Copy out the listing that follows exactly, dropping every picture.

* Dataset extract
*** Block opens ***

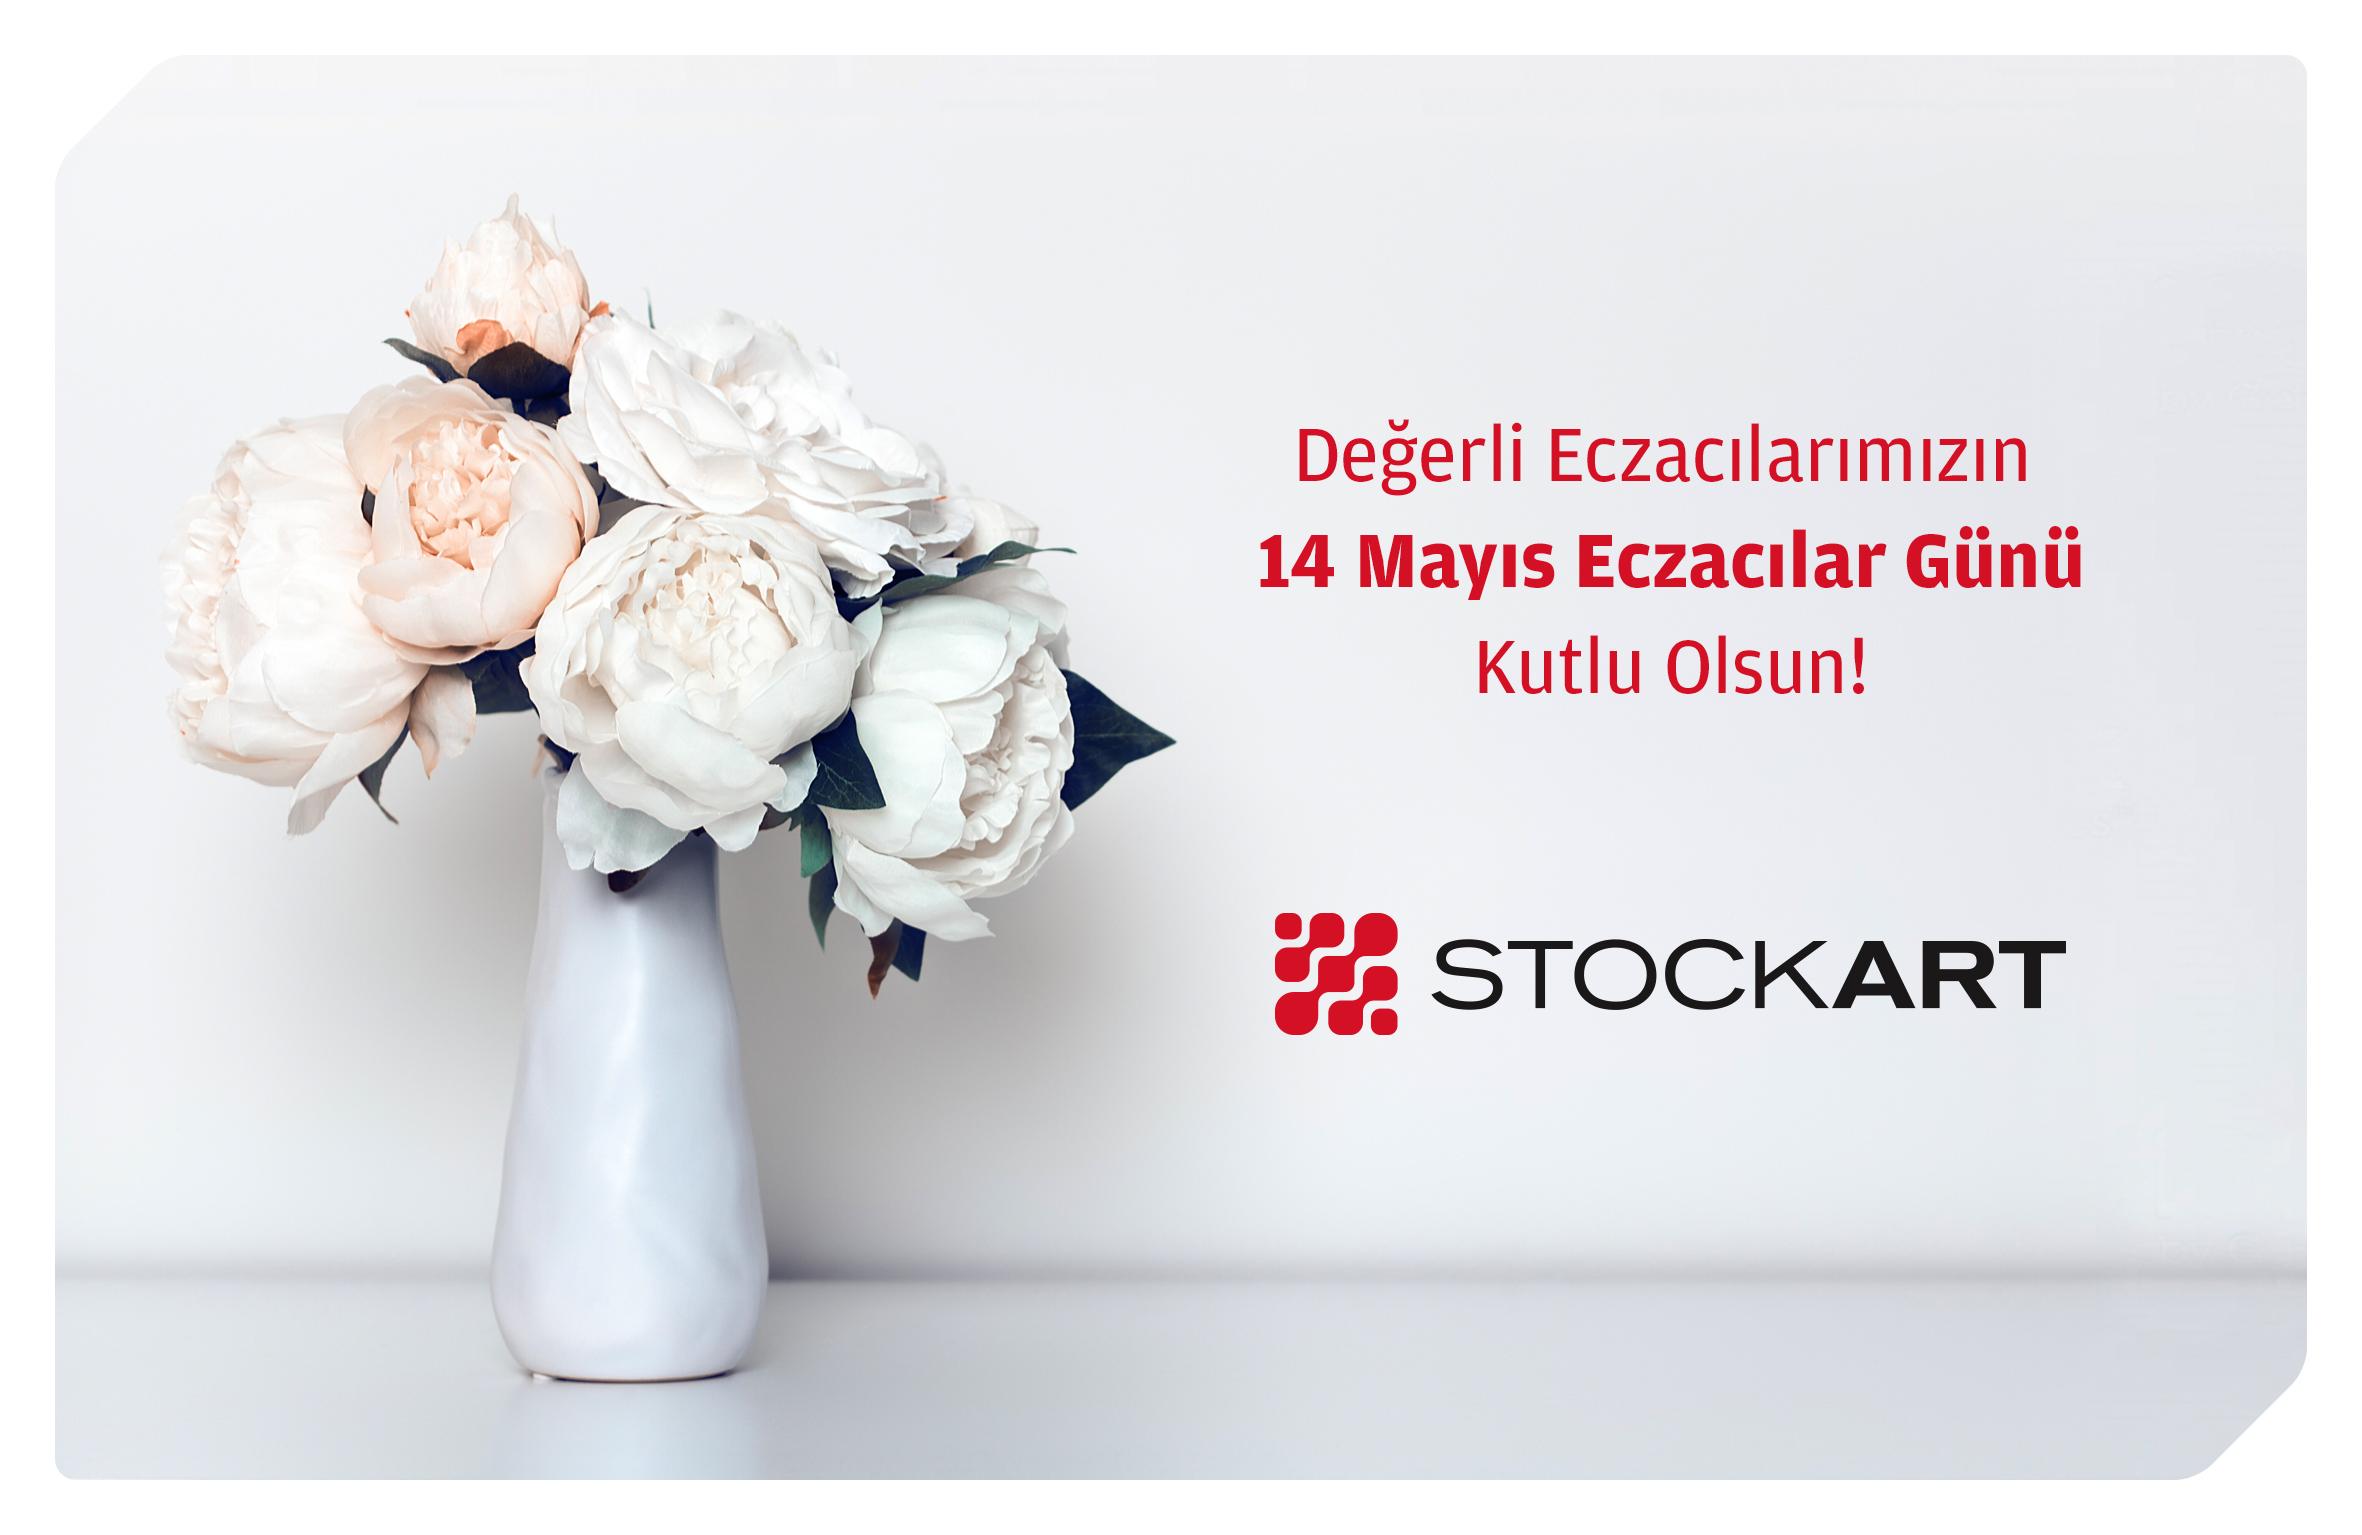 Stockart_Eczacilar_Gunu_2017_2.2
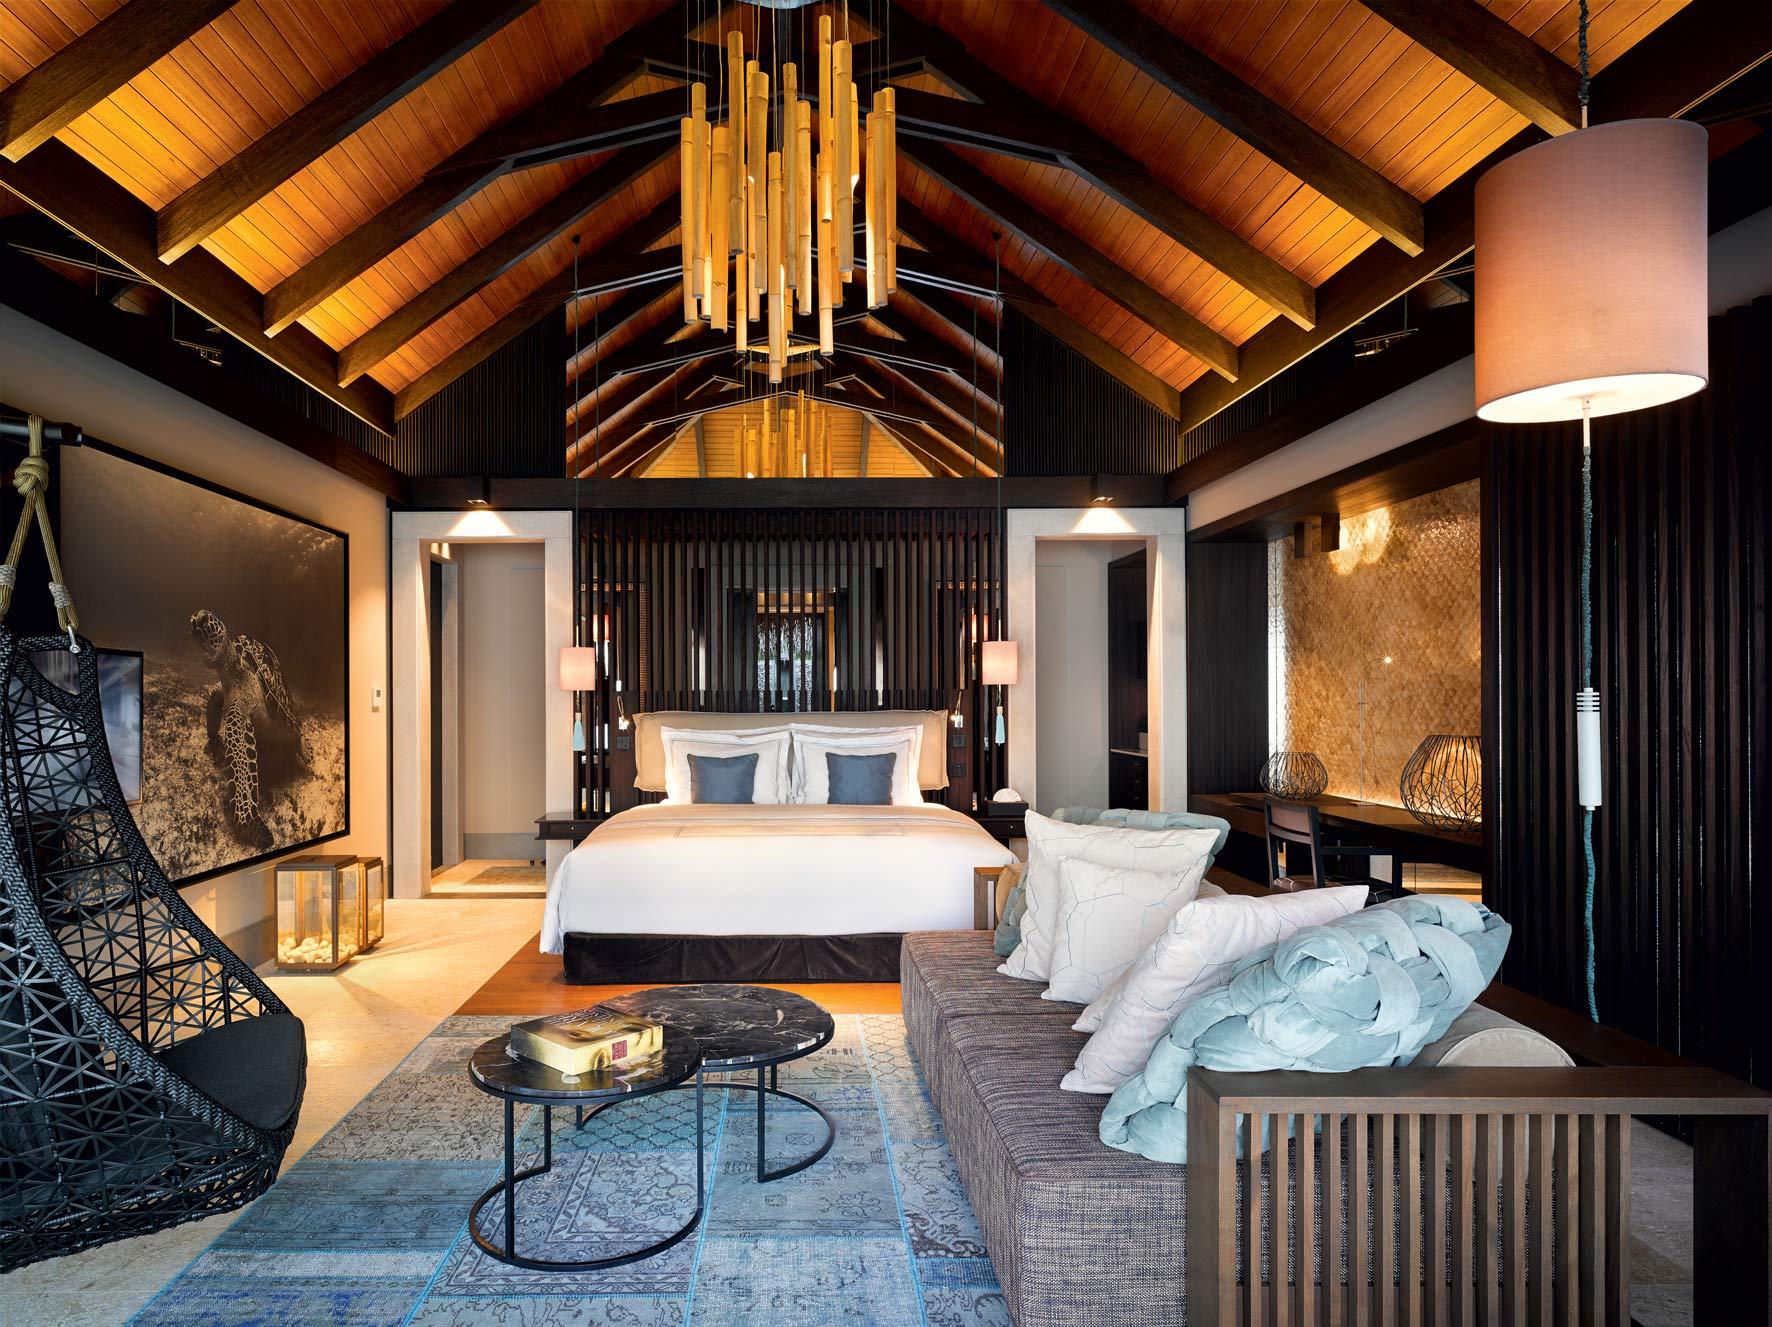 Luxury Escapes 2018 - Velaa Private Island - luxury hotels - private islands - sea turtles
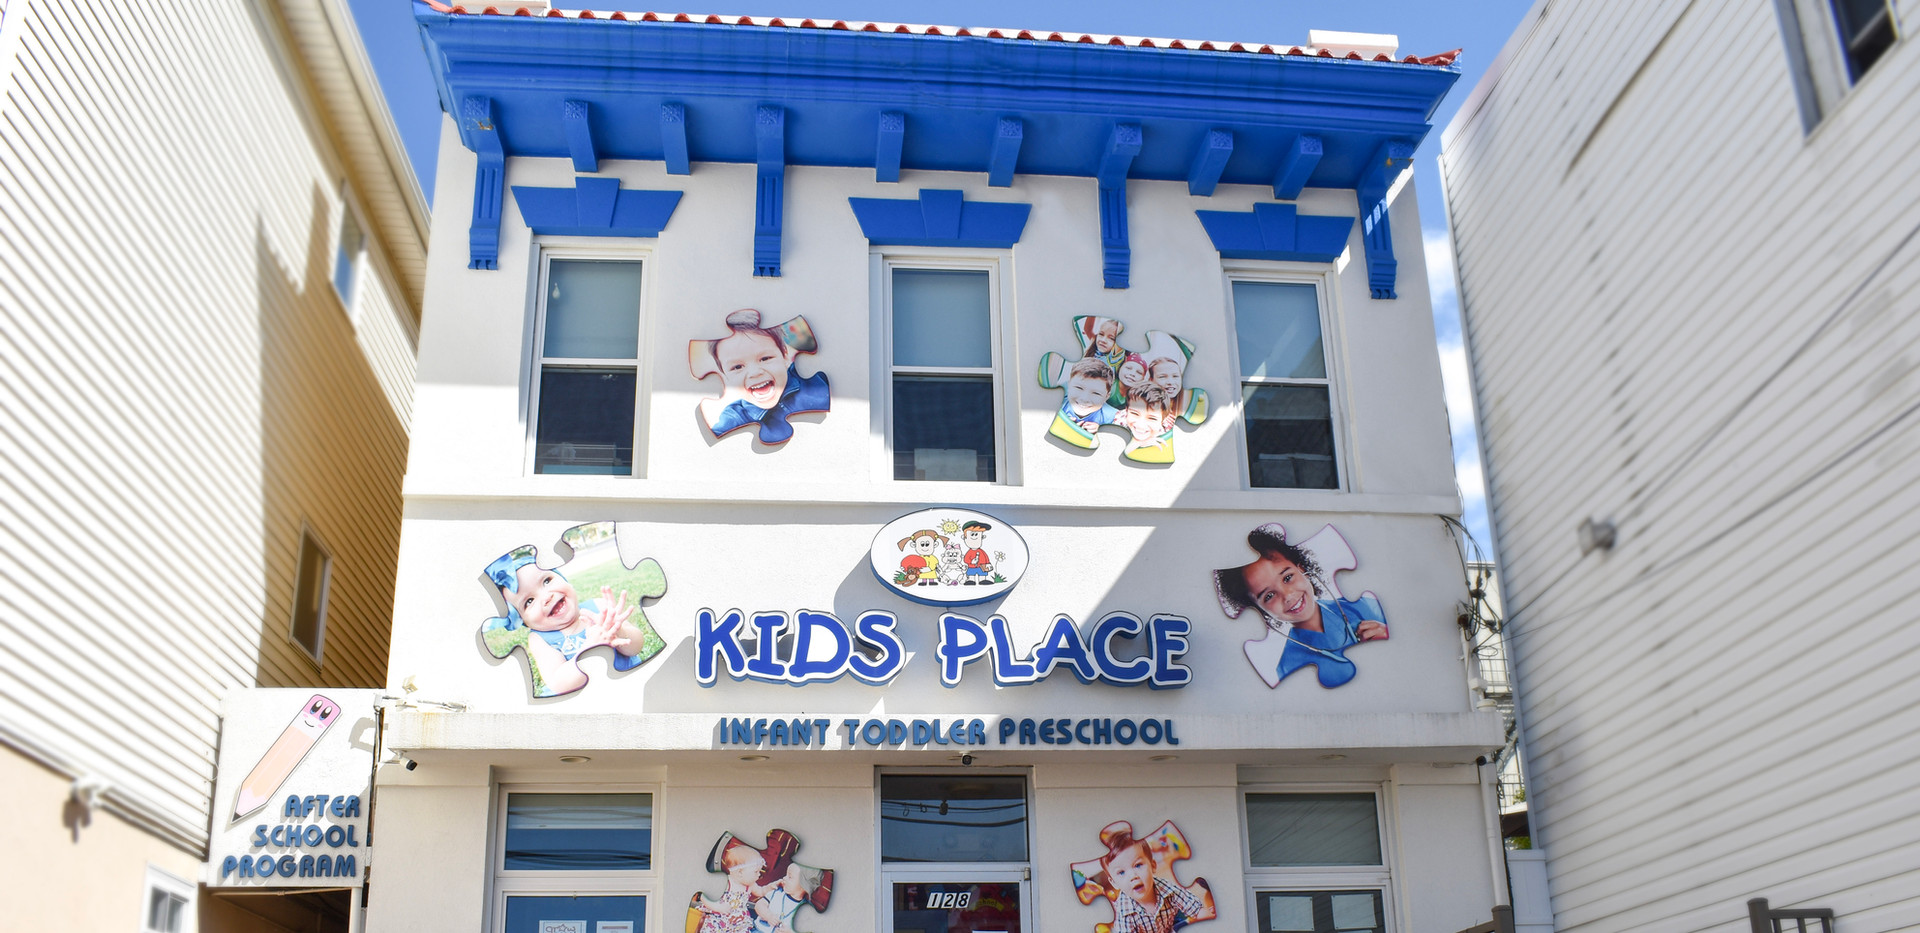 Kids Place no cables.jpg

*** Block closes ***

* Solution
 Stockart_Eczacilar_Gunu_2017_2.2
 Luxury Escapes 2018 - Velaa Private Island - luxury hotels - private islands - sea turtles
 Kids Place no cables.jpg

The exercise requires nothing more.